`python3 test_flash_mm.py` got error
tiendung opened this issue · comments
ERROR: CUDA RT call "cudaFuncSetAttribute(kernel, cudaFuncAttributeMaxDynamicSharedMemorySize, shared_memory_size )" in line 695 of file mm/csrc/flashmm/mm_block_fwd_cuda.cu failed with invalid device function (98).
max diff for mm block: tensor(2.0590e-05, device='cuda:0', grad_fn=<SelectBackward0>)
average diff for mm block: tensor(2.9658e-06, device='cuda:0', grad_fn=<MeanBackward0>)
max diff: tensor(0.0003, device='cuda:0')
avg diff: tensor(7.4159e-05, device='cuda:0')

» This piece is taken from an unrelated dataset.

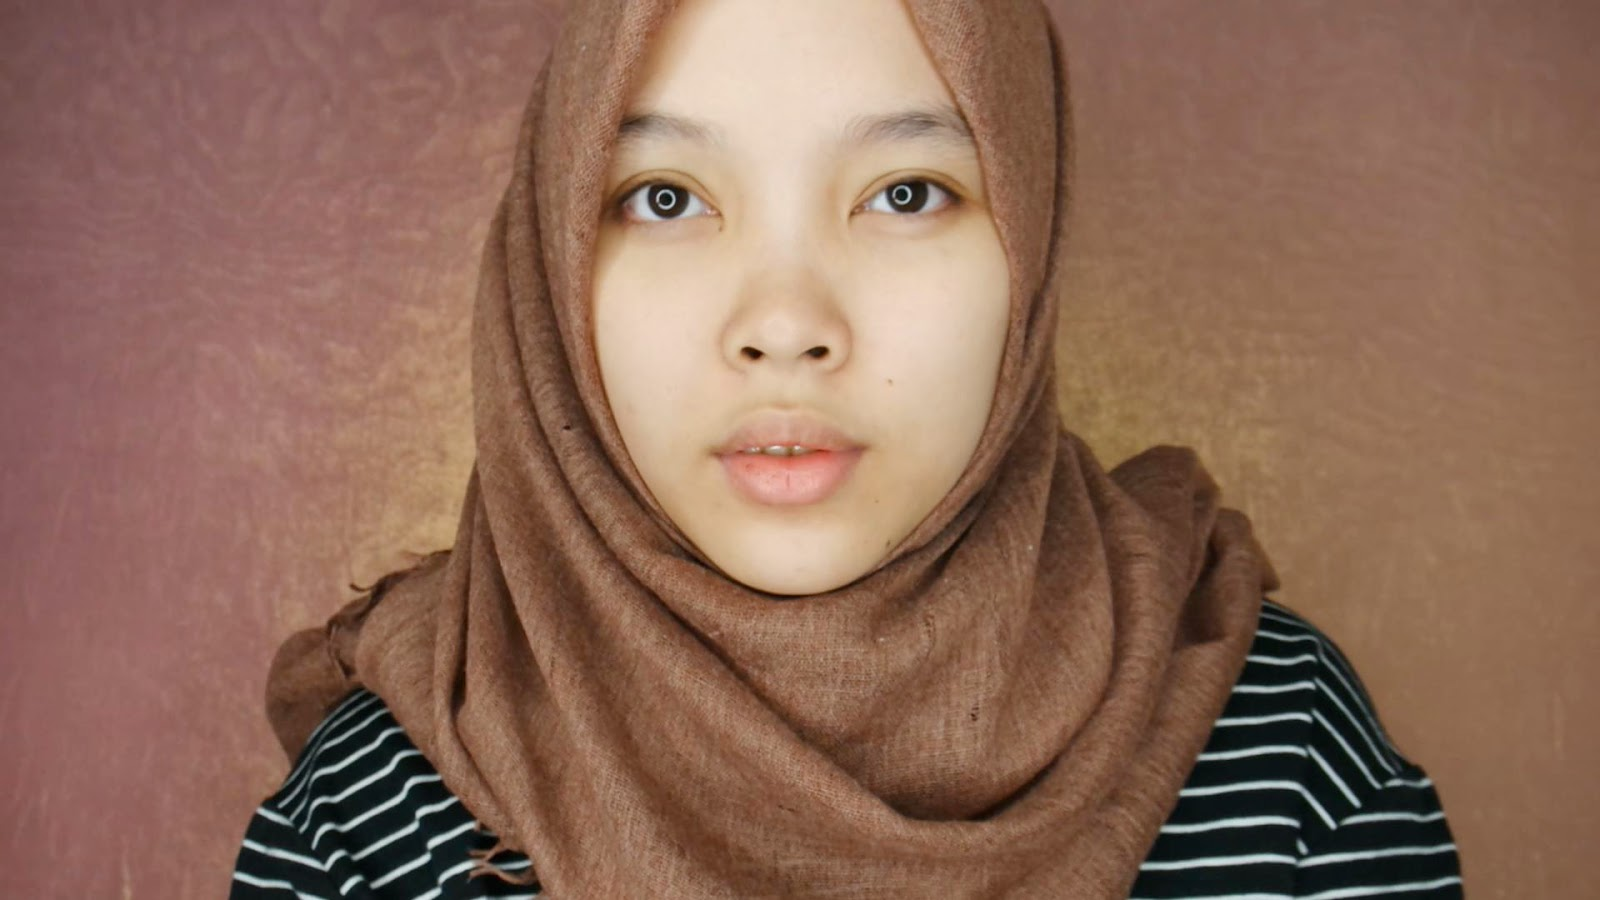 Haloterong By Mevlied Nahla Sp Sato Hakubi Bb Cream Q10 Pastaron Mungkin Rada Susah Sih Buat Yang Kulitnya Gelap Karena Cuma Ngeluarin 1 Shade

I still can run the trainer and the loss go down,
This is usually a result of a mixmatch in CUDA versions: https://forums.developer.nvidia.com/t/cudalaunchkernel-returned-status-98-invalid-device-function/169958
Can you try it with the NVIDIA PyTorch docker container? https://catalog.ngc.nvidia.com/orgs/nvidia/containers/pytorch
is it functional correctly despite of CUDA mismatch? I'm running mm-bert and the loss is going down as usual.
The training loop is falling back to regular PyTorch, so that’s why the loss is going down.
I see. Thank @DanFu09
May I ask one more question @DanFu09, I wonder how much faster the flash_mm kernel compare to pytorch implementation?